Oman–Syria relations refer to the relationship between the Sultanate of Oman and the Syrian Arab Republic. Oman has an embassy in Damascus; while Syria has an embassy in Muscat. Both are members of the Arab League (Syria was temporarily suspended in 2012), and despite the ongoing civil war occurring in Syria, Oman has not closed its embassy in Syria and both countries maintain diplomatic relations, in sharp contrast to other Arab states of the Persian Gulf who have cut off diplomatic ties with Syria and closed their embassies.

Syrian civil war 
Following the outbreak of the currently ongoing Syrian civil war, gulf states including Saudi Arabia, Qatar and Bahrain were quick to declare their support for the Syrian opposition against Syrian president Bashar al-Assad, setting out to isolate the Syrian government by cutting off diplomatic ties, closing down their embassies, expelling Syria from the Arab League and imposing heavy economic sanctions. A notable exception in the policies of the gulf states was Oman, who not only refused to close down their embassies and cut off diplomatic ties, but also refused to support the Syrian opposition, with Omani Foreign Minister Yusuf bin Alawi bin Abdullah stating that Oman's role in the conflict would strictly be constrained to humanitarian assistance in sharp contrast with Saudi Arabia and Qatar.

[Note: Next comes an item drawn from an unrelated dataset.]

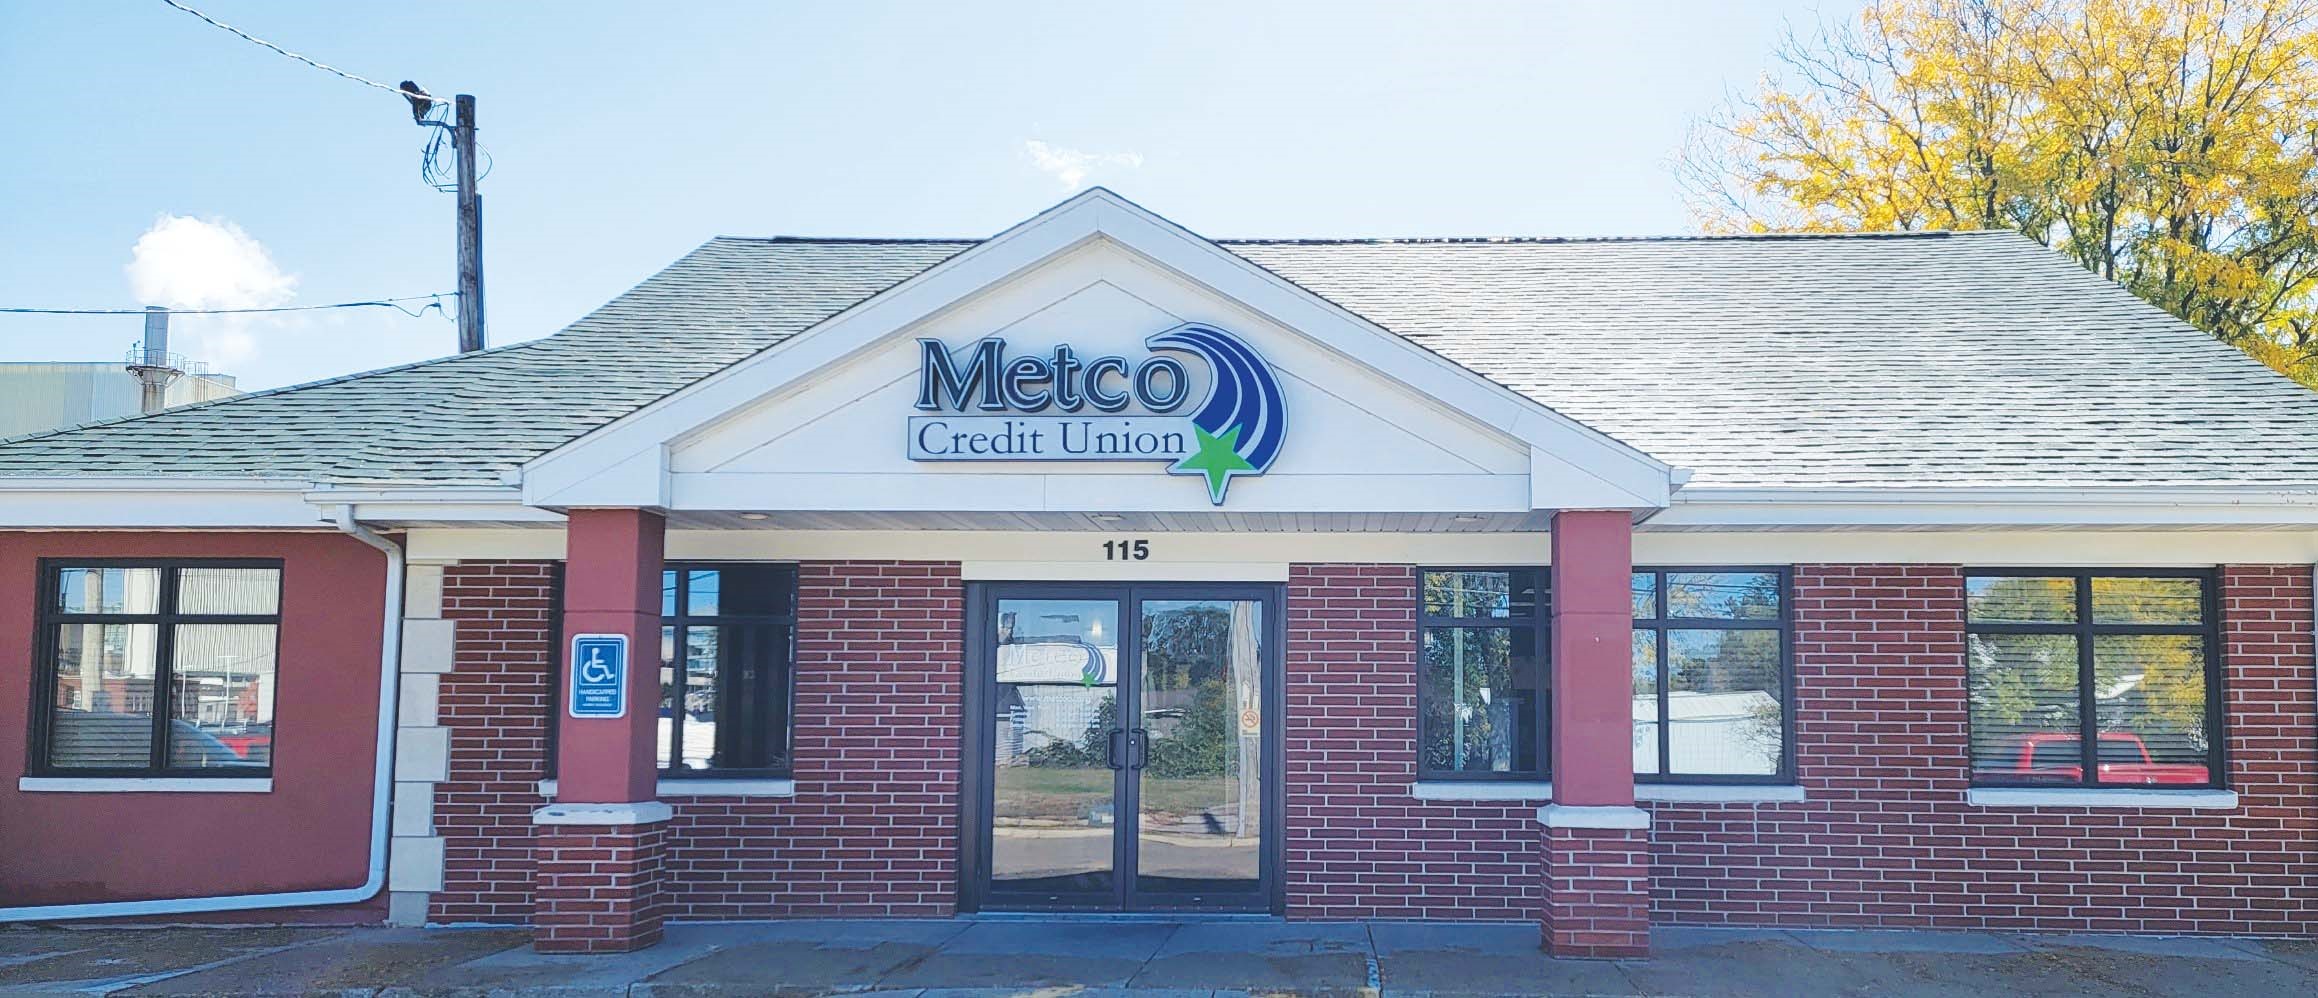 Exterior of the Metco Credit Union building.

In August 2015, Oman invited Syrian delegation headed by Foreign Minister Walid Muallem to Muscat to meet with his Omani counterpart, Yusuf bin Alawi bin Abdullah. In October of that same year, Omani Foreign Minister traveled to Damascus, meeting with the Syrian president Bashar al-Assad himself to discuss Syria's ongoing civil war and defeating terrorism while assuring Oman's commitment to Syrian unity and sovereignty, with foreign minister Alawi saying that Oman "continues to exert every possible effort to help find a solution that would end the crisis in Syria,".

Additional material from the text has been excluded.